In the detection kit of Mycobacterium tuberculosis and non-tuberculosis antibacterial bacterium of one embodiment of the present invention, the first tag may be digoxigenin (DIG), and the second tag may be fluorescein (FITC).

In the detection kit of Mycobacterium tuberculosis and non-tuberculosis antibacterial bacterium of one embodiment of the present invention, the anti-first tag antibody may be an anti-DIG antibody, and the anti-second tag antibody may be an anti-FITC antibody.

In the detection kit of Mycobacterium tuberculosis and non-tuberculosis antibacterial bacterium of one embodiment of the present invention, the third tag may be biotin, and the binder may be streptavidin.
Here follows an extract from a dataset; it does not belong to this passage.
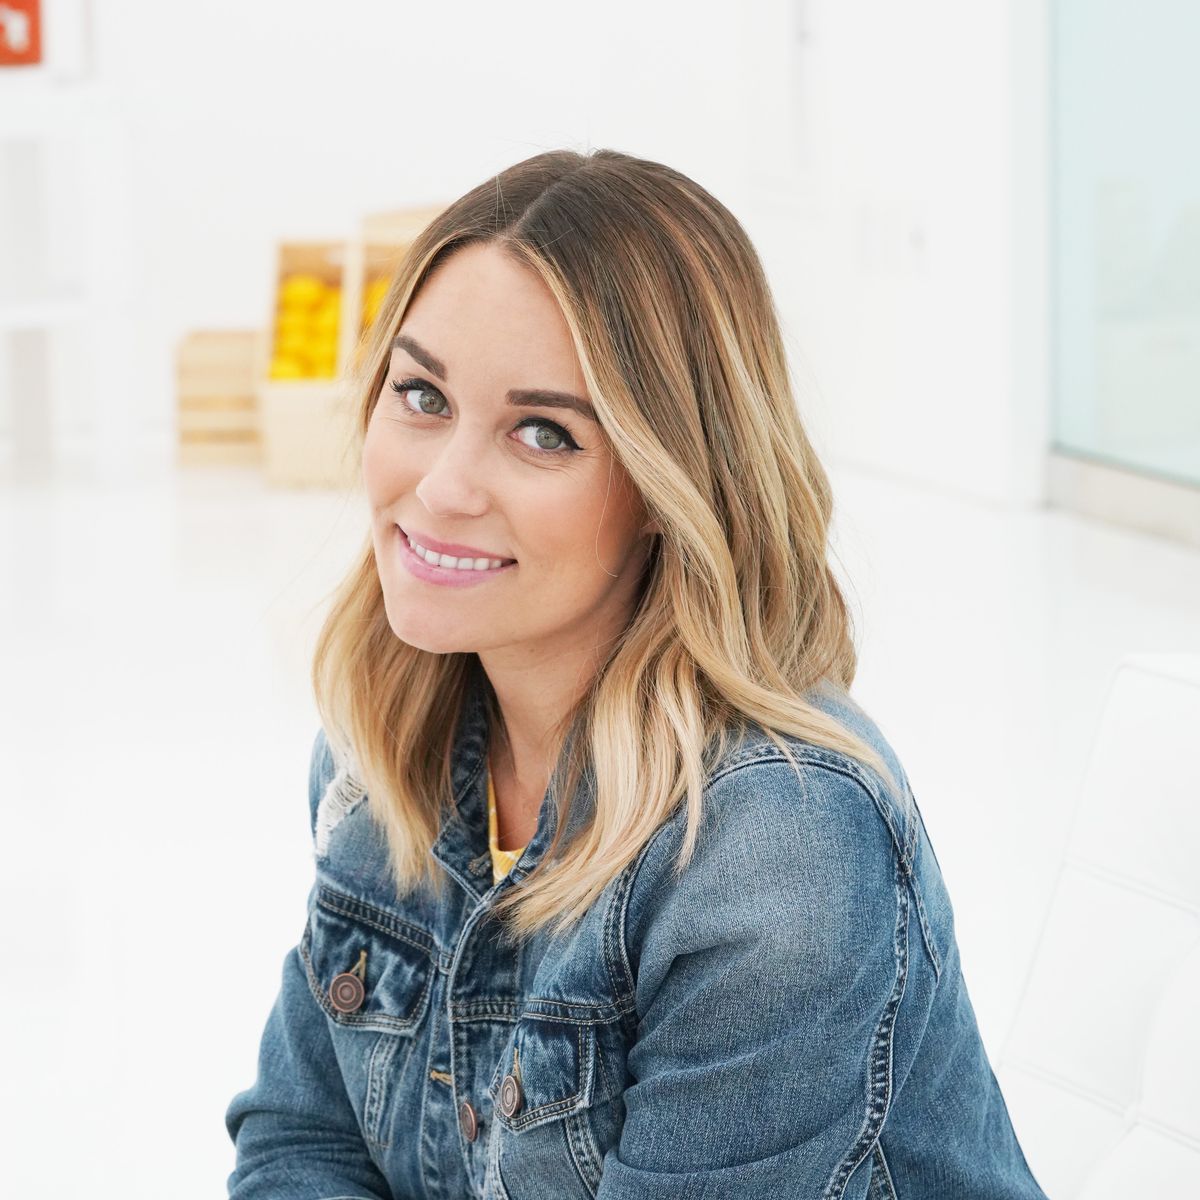 Lauren Conrad on Her New Kohl's Collection and Why She Avoids

In the detection kit of Mycobacterium tuberculosis and non-tuberculosis antibacterial bacterium of one embodiment of the present invention, the composition for PCR amplification may further include DNA polymerase, dNTPs and PCR buffer solution.

In the detection kit of Mycobacterium tuberculosis and non-tuberculosis antibacterial bacterium of one embodiment of the present invention, the first forward primer and the first reverse primer may be primers of SEQ ID NO: 1 and primers of SEQ ID NO: 2, respectively.

In the detection kit of Mycobacterium tuberculosis and non-tuberculosis antibacterial bacterium of one embodiment of the present invention, the second forward primer and the second reverse primer may be primers of SEQ ID NO: 3 and primers of SEQ ID NO: 4, respectively.

According to the present invention, by collecting only the advantages of the molecular biological detection method and the lateral flow analysis method using PCR can be detected at the same time in one kit tuberculosis bacteria and non-tuberculosis acid bacterium.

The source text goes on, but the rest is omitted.